Let $P:(0,+\infty)\longrightarrow\mathrm{GL}_d(\mathbb C),\; \varepsilon\longmapsto \operatorname{diag}(\varepsilon^{-1},\ldots,\varepsilon^{-n})$. We have that for all $\varepsilon>0$

$$ P(\varepsilon)AP(\varepsilon)^{-1} = (\varepsilon^{j-i}a_{i,j})_{1\leqslant i,j\leqslant d}. $$

We call $\mathcal B_\varepsilon=(b_i(\varepsilon))$ be the new basis. We define the hermitian product $$ \langle x|y \rangle_\varepsilon := x^i\overline{y^j} $$ for $x=x^ie_i$, $y=y^ie_i$.

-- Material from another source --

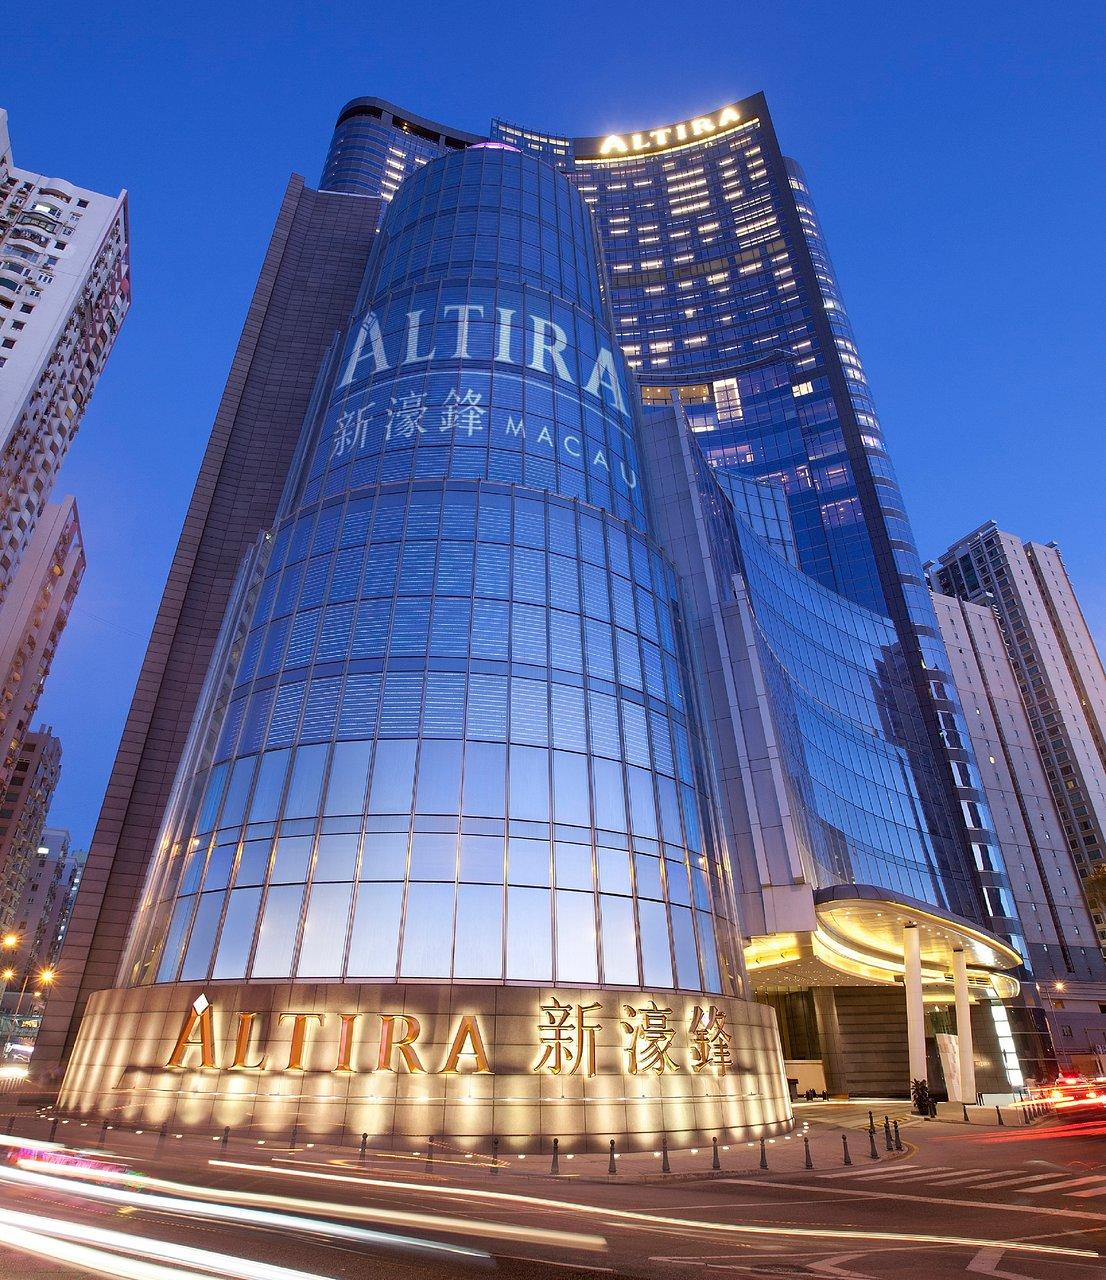 โรงแรมอัลทิร่า Altira Macau

Thus, for all nonzero $x=x^ie_i\in\mathbb R^d$, \begin{align*} \langle u(x)|x \rangle_\varepsilon = \left\langle x^i\varepsilon^{k-i}a_{i,k}e_k\mid x^je_j \right\rangle_\varepsilon &= x^i\overline{x^j}\varepsilon^{k-i}a_{i,k}\langle e_k|e_j\rangle_\varepsilon = x^i\overline{x^j}\varepsilon^{j-i}a_{i,j}\\ &= \sum_{i=1}^d \mu_i|x_i|^2 + \underbrace{\sum_{\substack{1\leqslant i,j \leqslant d\\ i\neq j}}\epsilon^{j-i}a_{i,j}x^i\overline{x^j}}\limits_{=:\eta(\varepsilon)}. \end{align*}

So $$ \operatorname{Re}\langle u(x)|x\rangle_\varepsilon = \sum_{i=1}\operatorname{Re}(\mu_i)|x_i|^2+\operatorname{Re}\eta(\varepsilon) $$

We have that $\eta(\varepsilon) = \mathcal O(\varepsilon)$ as $\varepsilon\to 0$. The first term is negative. We thus take $\varepsilon>0$ such that $\operatorname{Re}\langle u(x)|x\rangle_\varepsilon$ is nonpositive, and take the inner product $\langle\,\cdot|\cdot\,\rangle_\varepsilon$ as the answer.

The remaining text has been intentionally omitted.